Given data

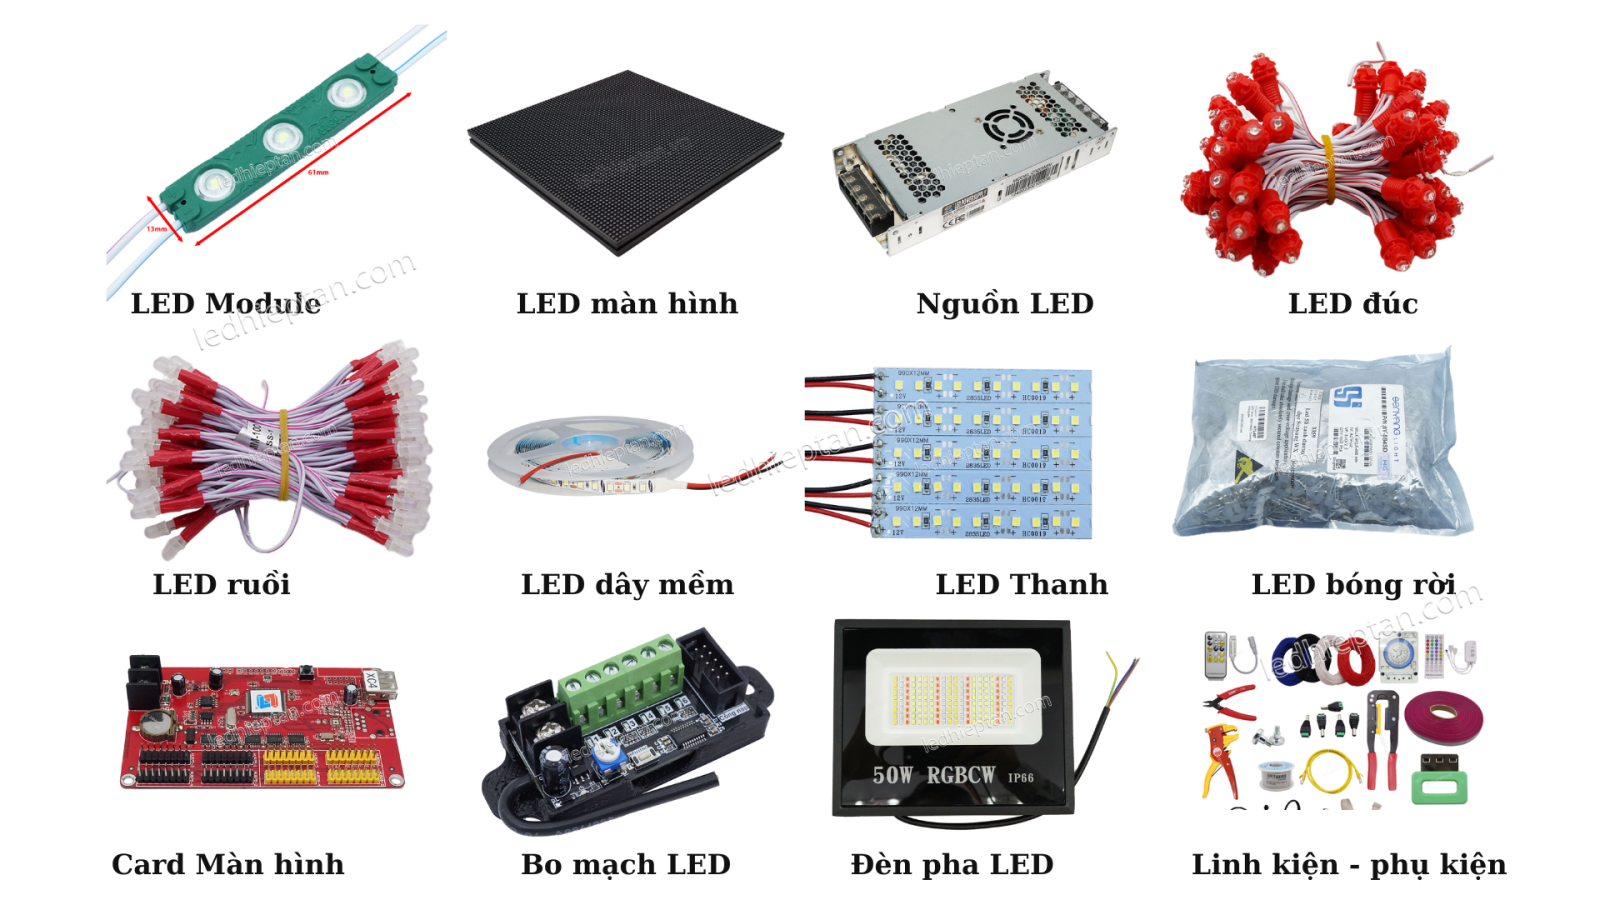 LED Hiệp Tân chuyên cung cấp đa dạng các loại đèn LED trong lĩnh vực Quảng Cáo – Chiếu Sáng – Trang Trí
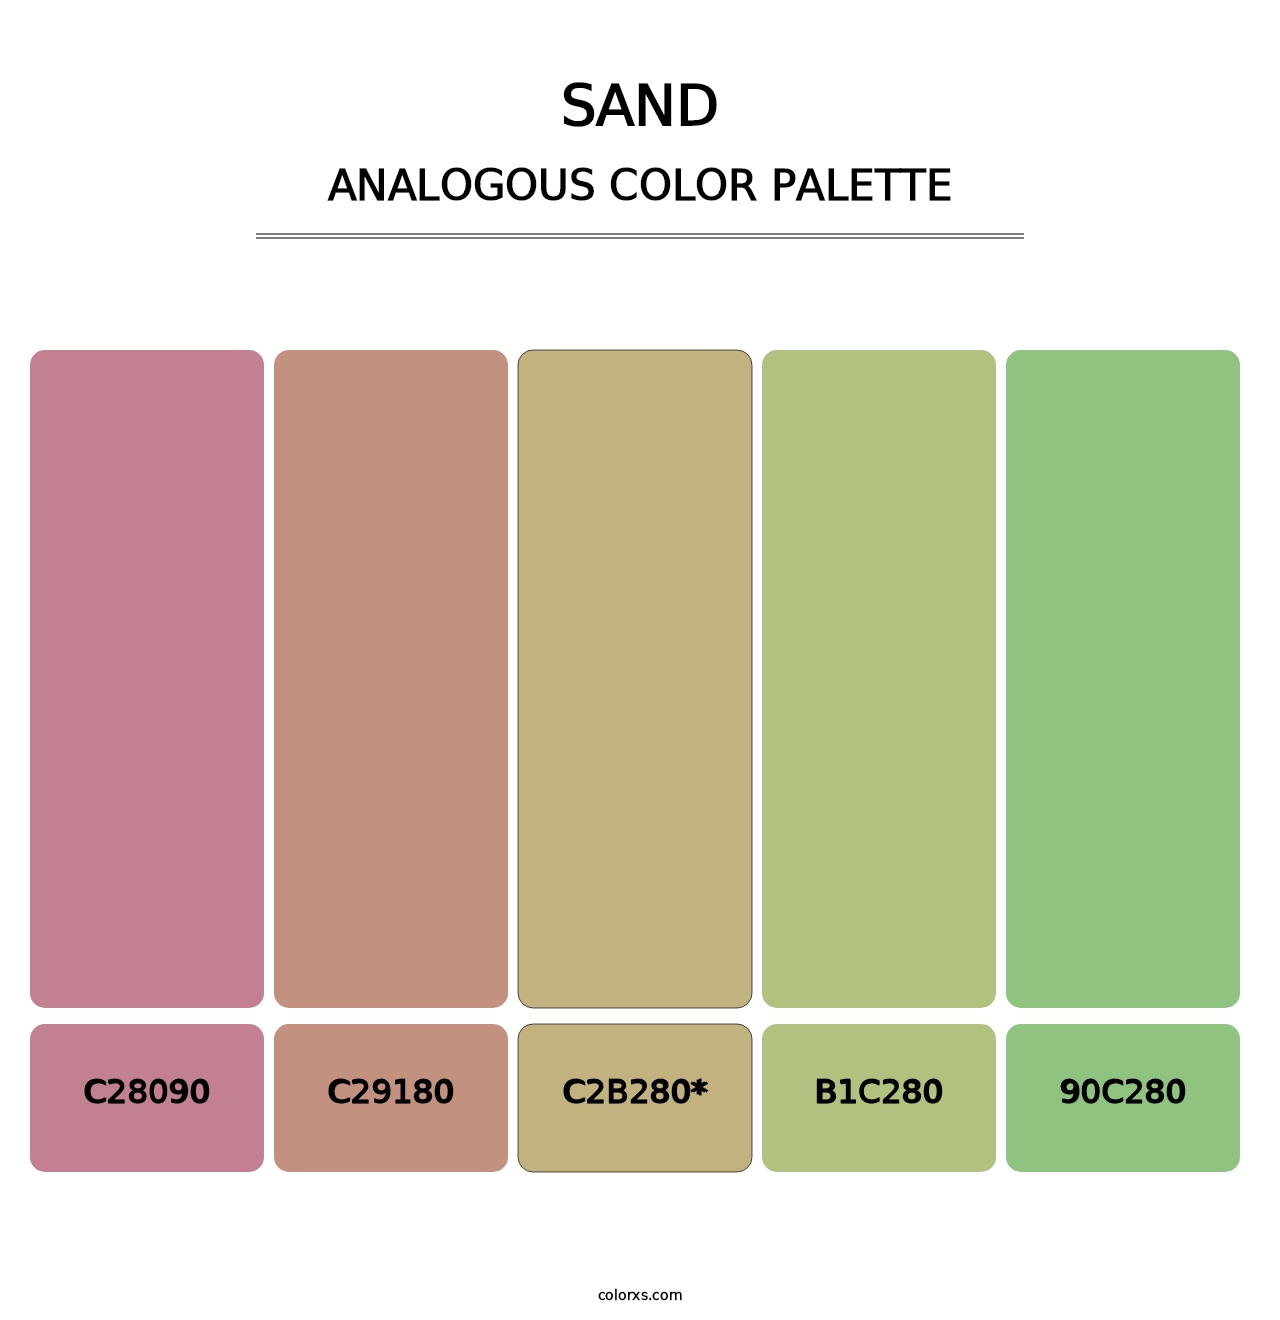 Sand - Analogous Color Palette
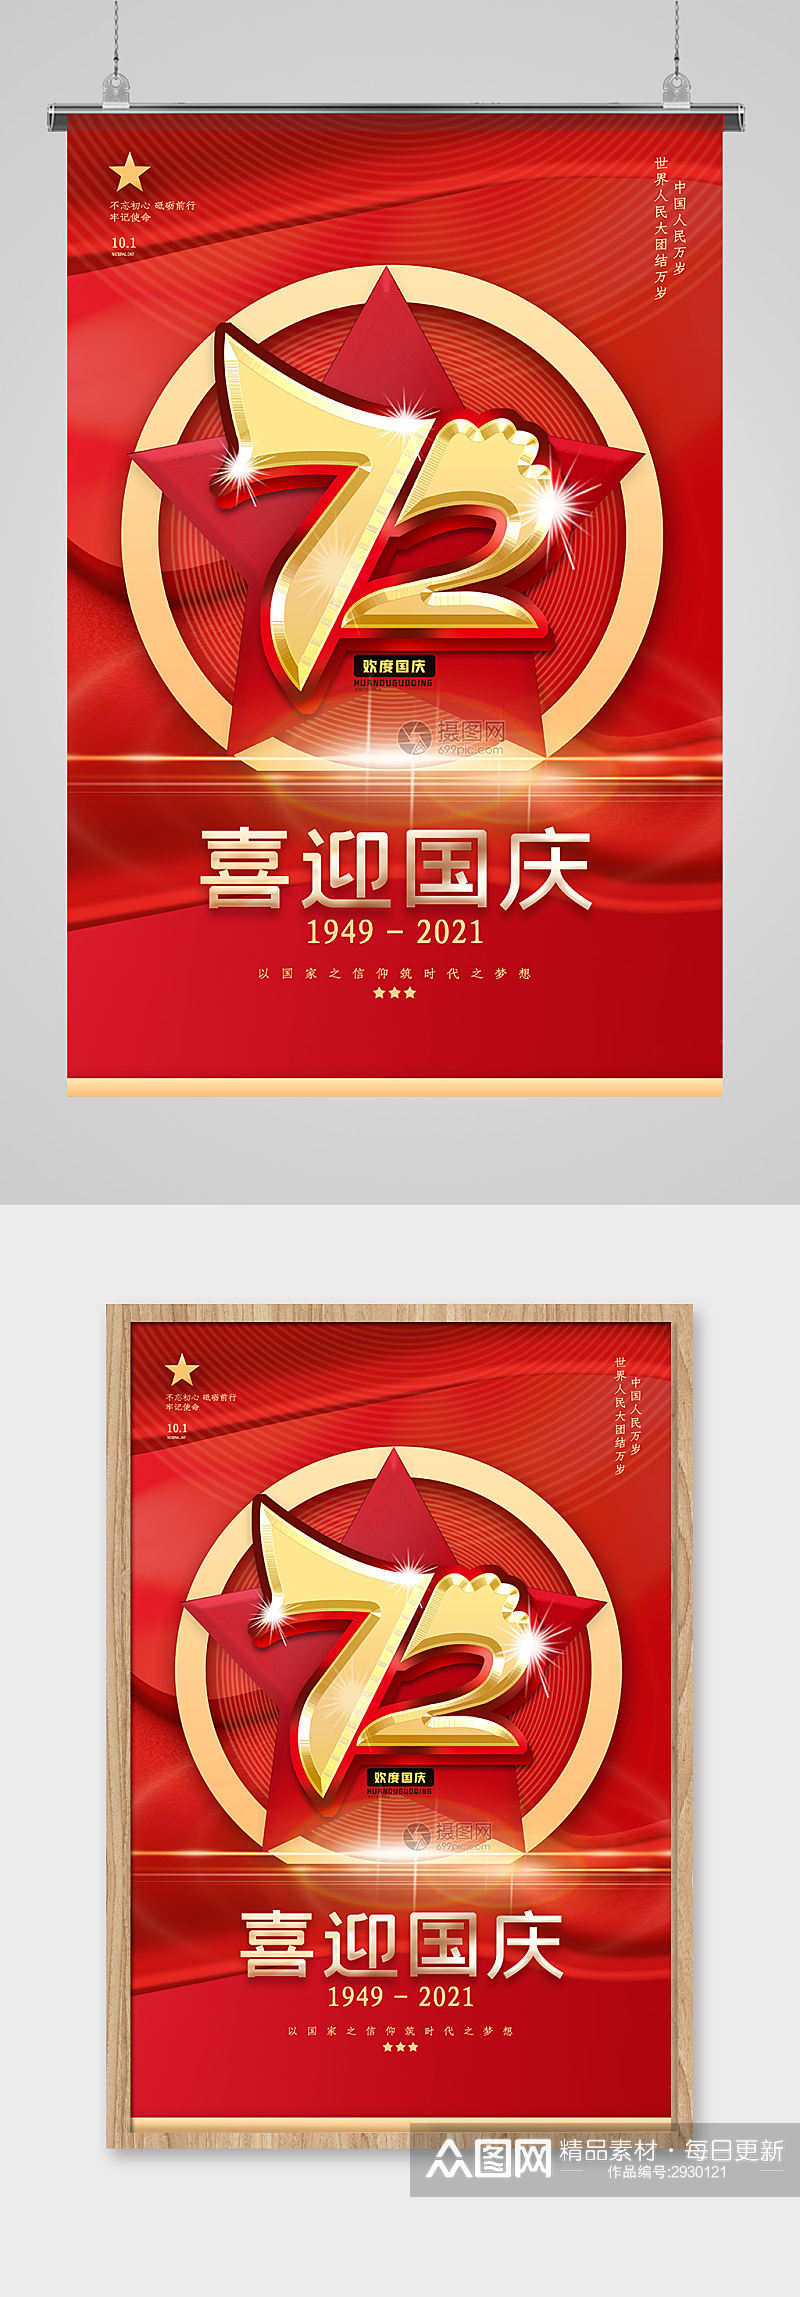 红色喜庆国庆72周年海报设计素材
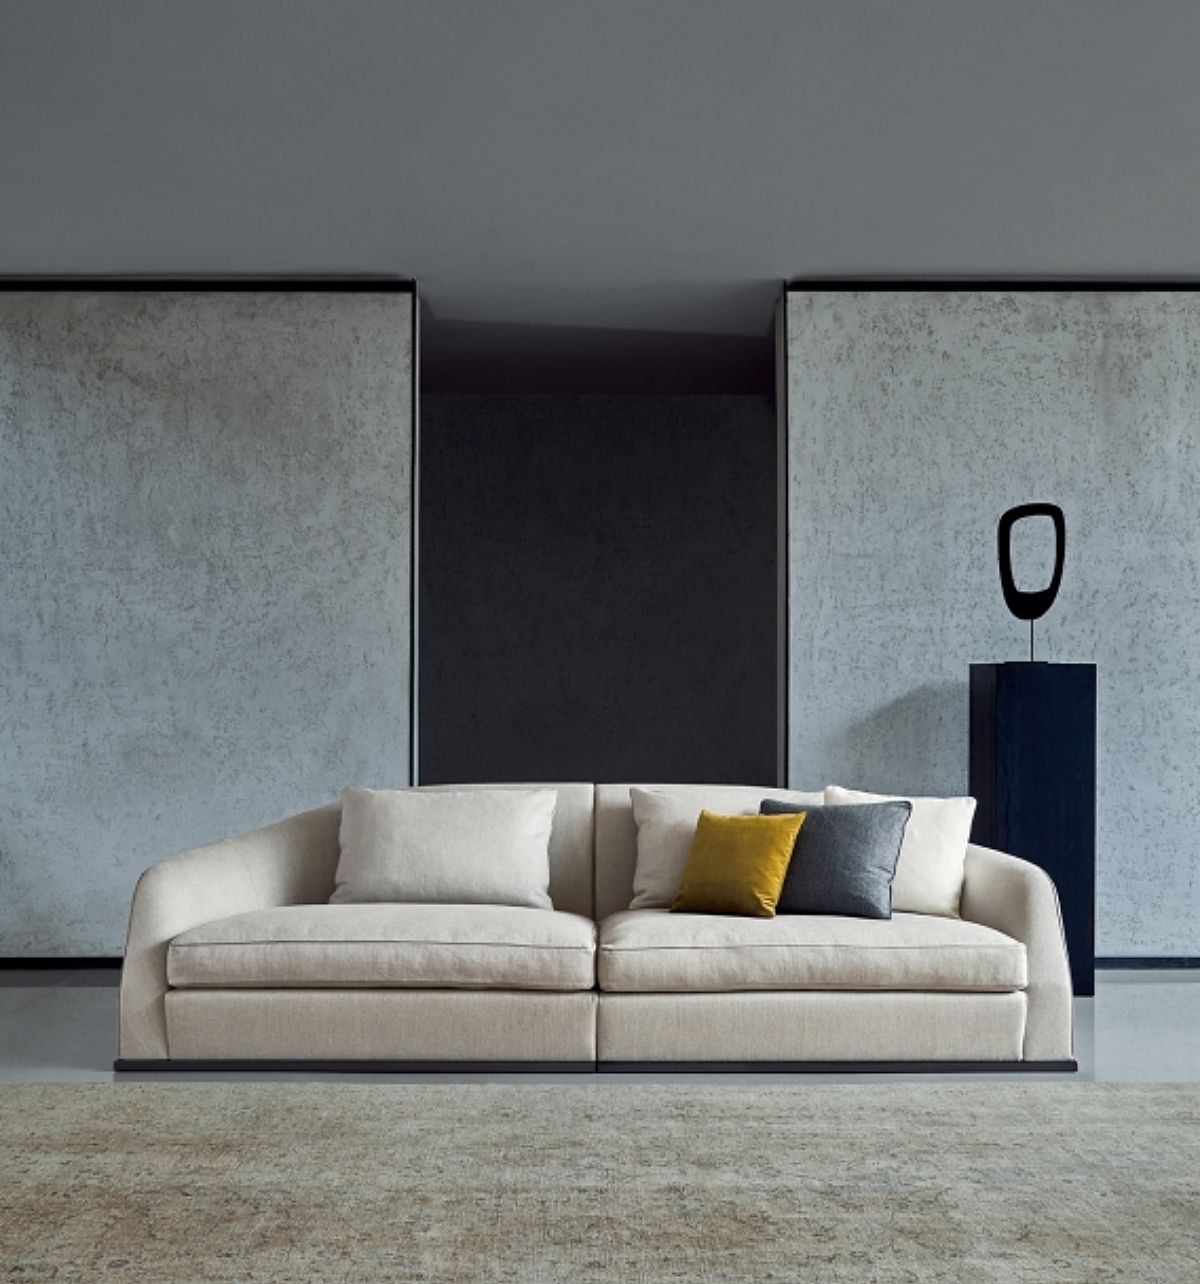 De Alfred sofa van Mood is met zijn "New Classic" flair en donzen vulling uiterst comfortabel.

What the task requires
Without including any picture, set down every line above exactly as it stands.

Expected answer
 LED Hiệp Tân chuyên cung cấp đa dạng các loại đèn LED trong lĩnh vực Quảng Cáo – Chiếu Sáng – Trang Trí
 Sand - Analogous Color Palette
 红色喜庆国庆72周年海报设计素材
 De Alfred sofa van Mood is met zijn "New Classic" flair en donzen vulling uiterst comfortabel.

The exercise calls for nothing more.